The whole listing should be retyped word for word, apart from the pictures it holds.

EXERCISE DATA |
....
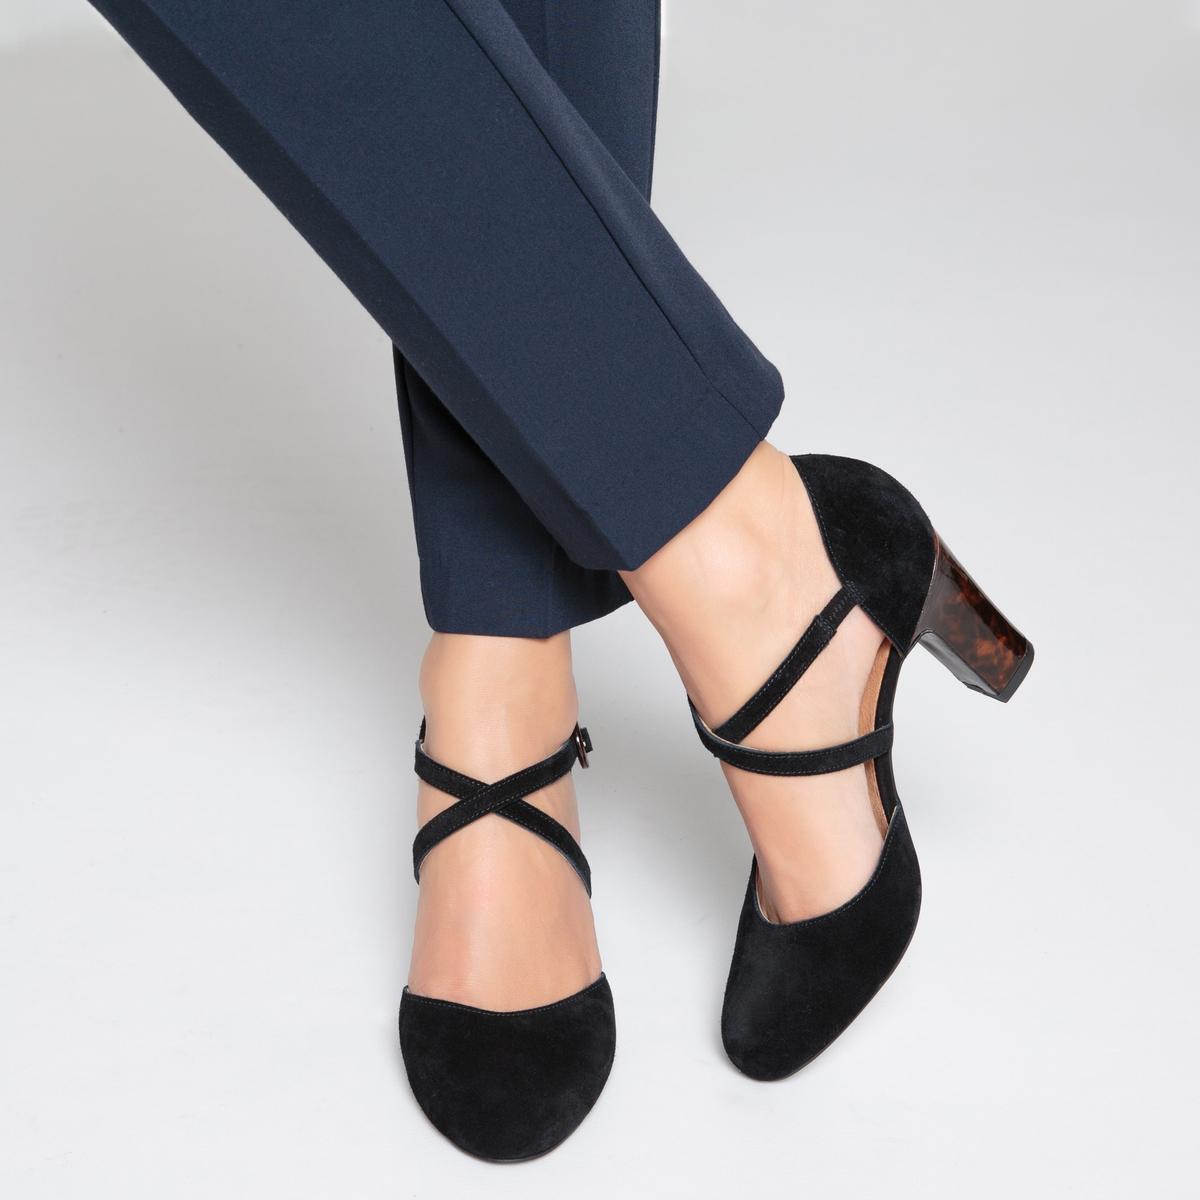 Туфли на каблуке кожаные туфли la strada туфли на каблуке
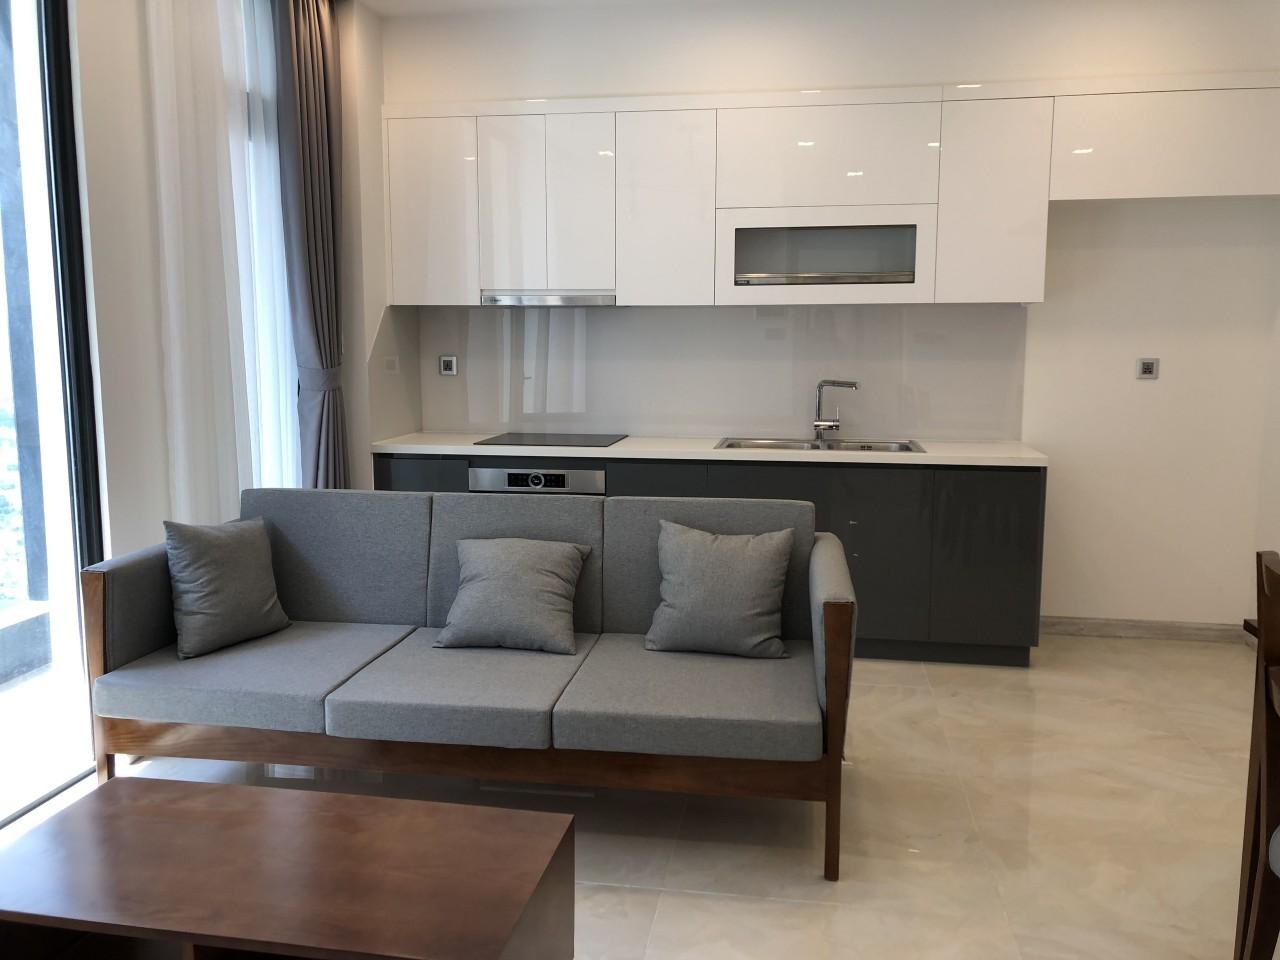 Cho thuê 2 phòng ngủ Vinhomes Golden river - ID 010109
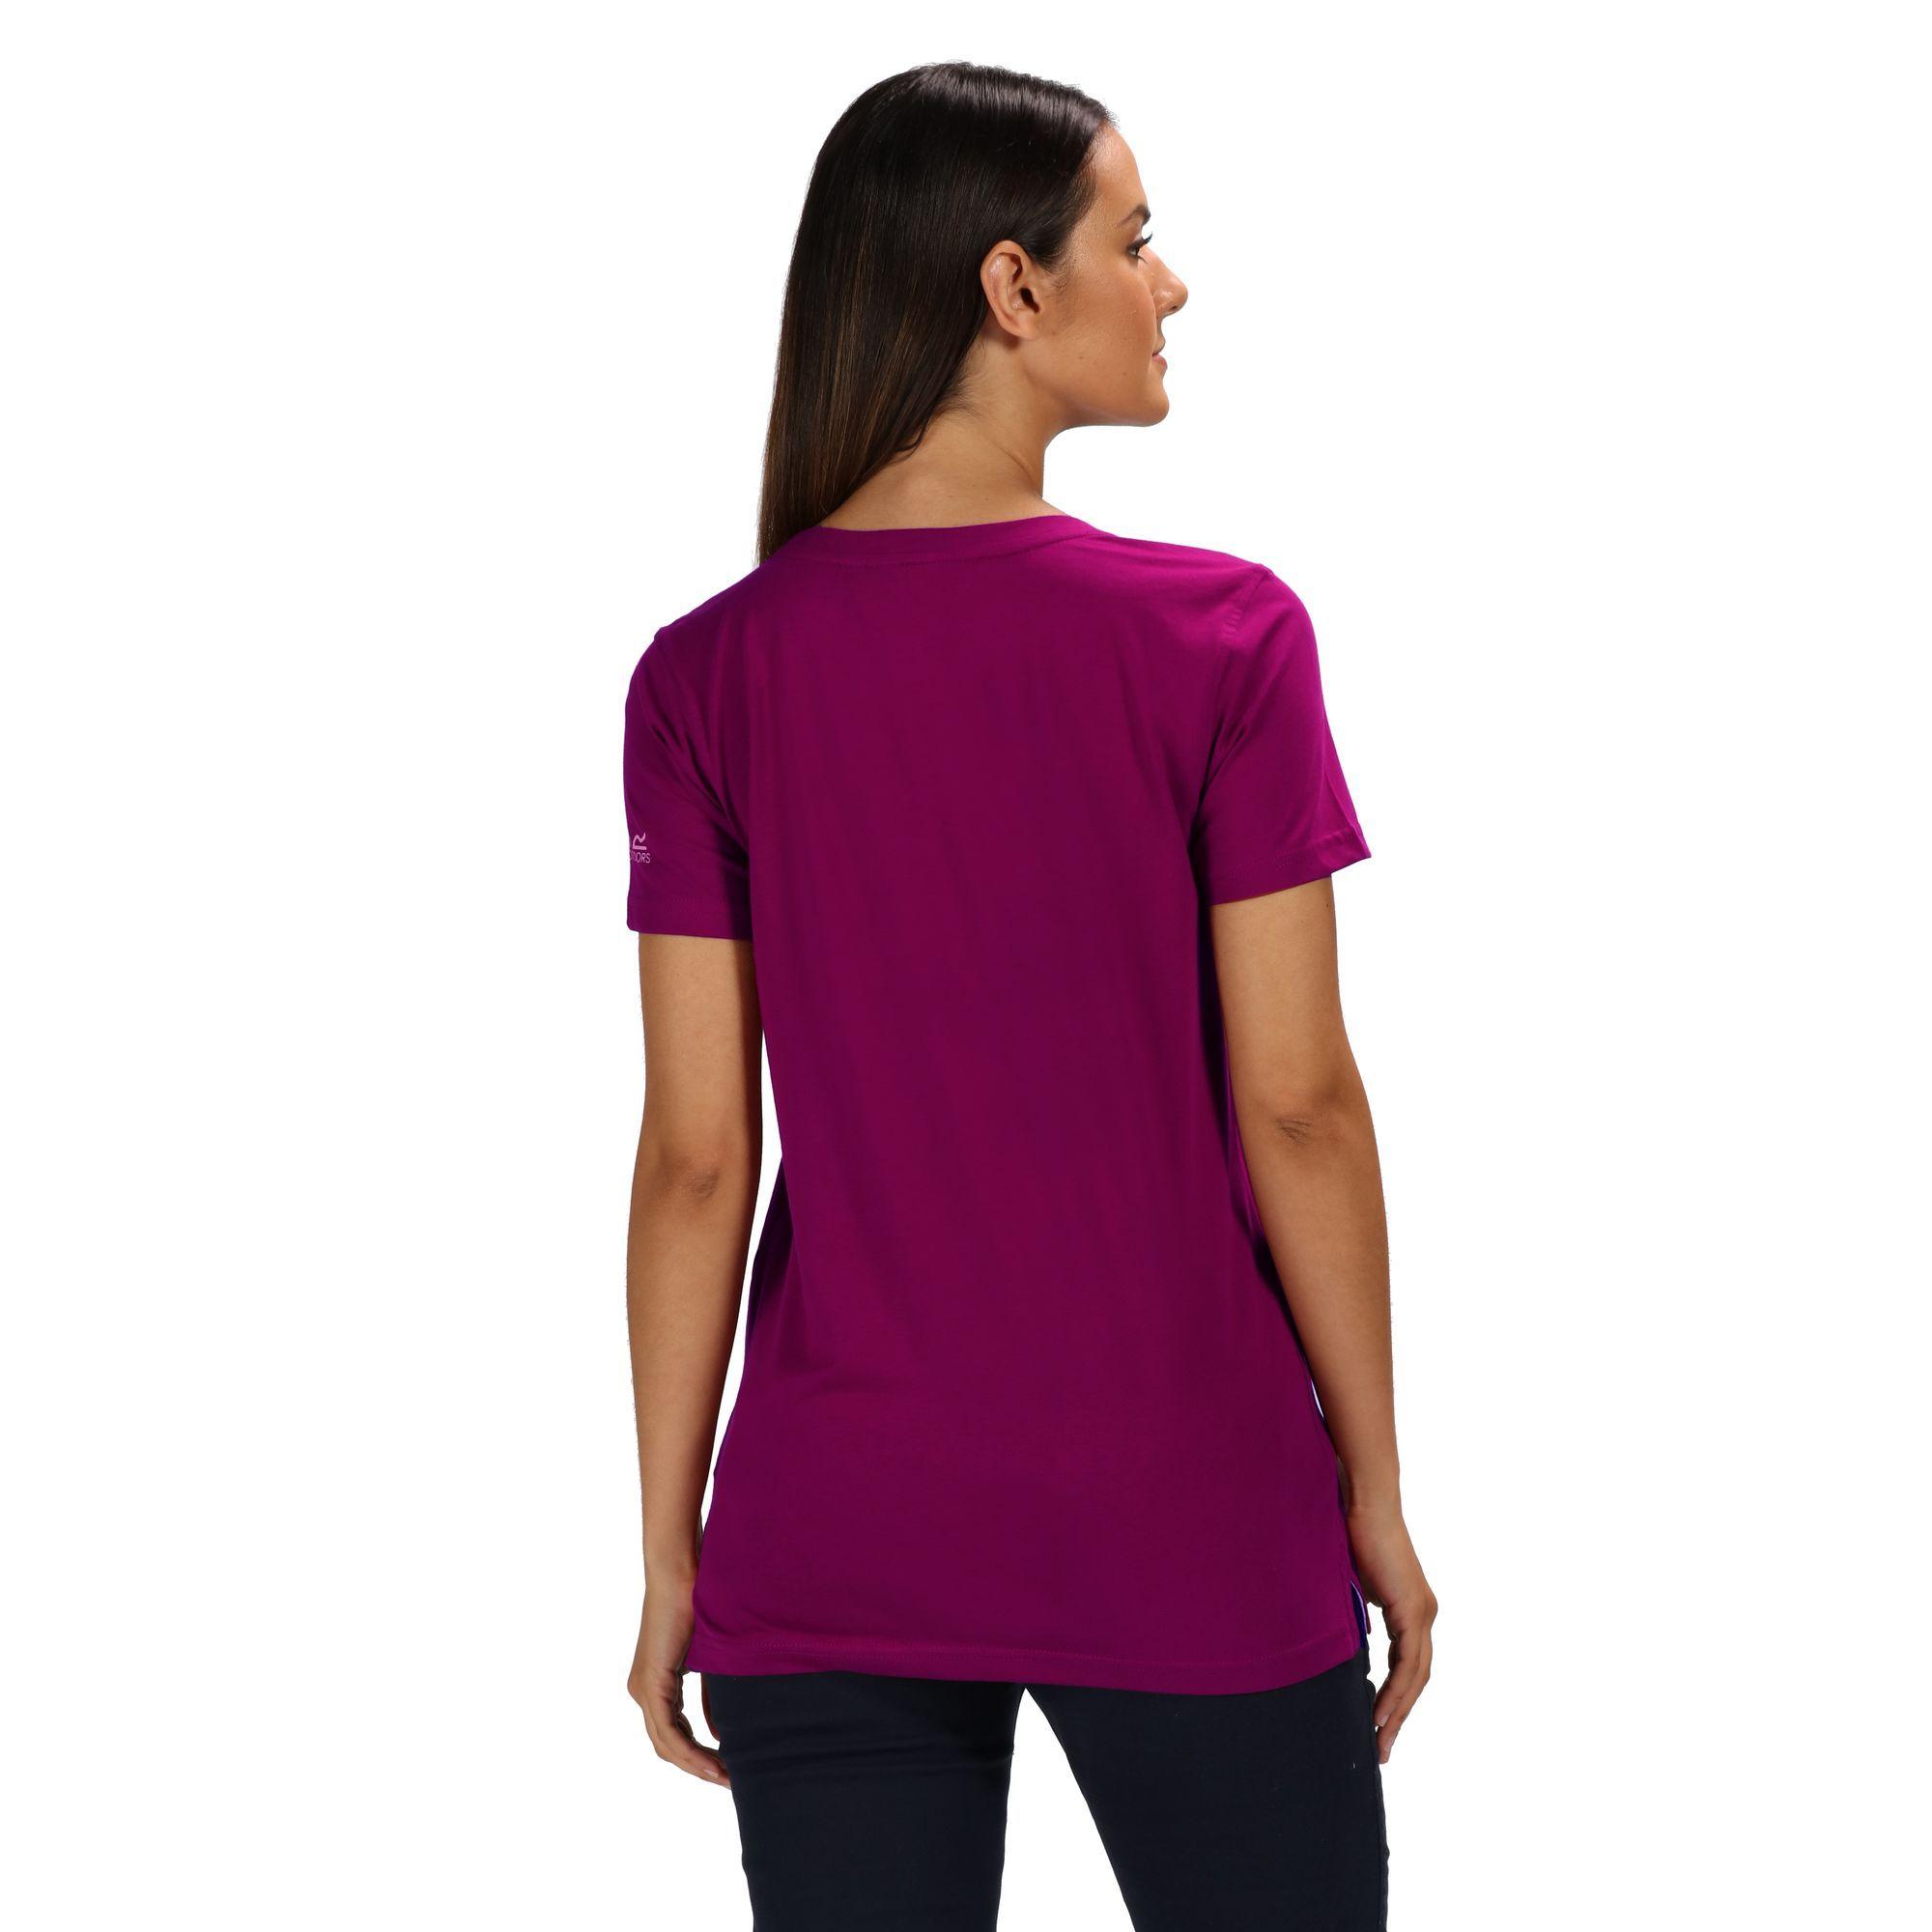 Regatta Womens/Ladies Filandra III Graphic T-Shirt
....
RESULT FOR THIS EXERCISE |
 Туфли на каблуке кожаные туфли la strada туфли на каблуке
 Cho thuê 2 phòng ngủ Vinhomes Golden river - ID 010109
 Regatta Womens/Ladies Filandra III Graphic T-Shirt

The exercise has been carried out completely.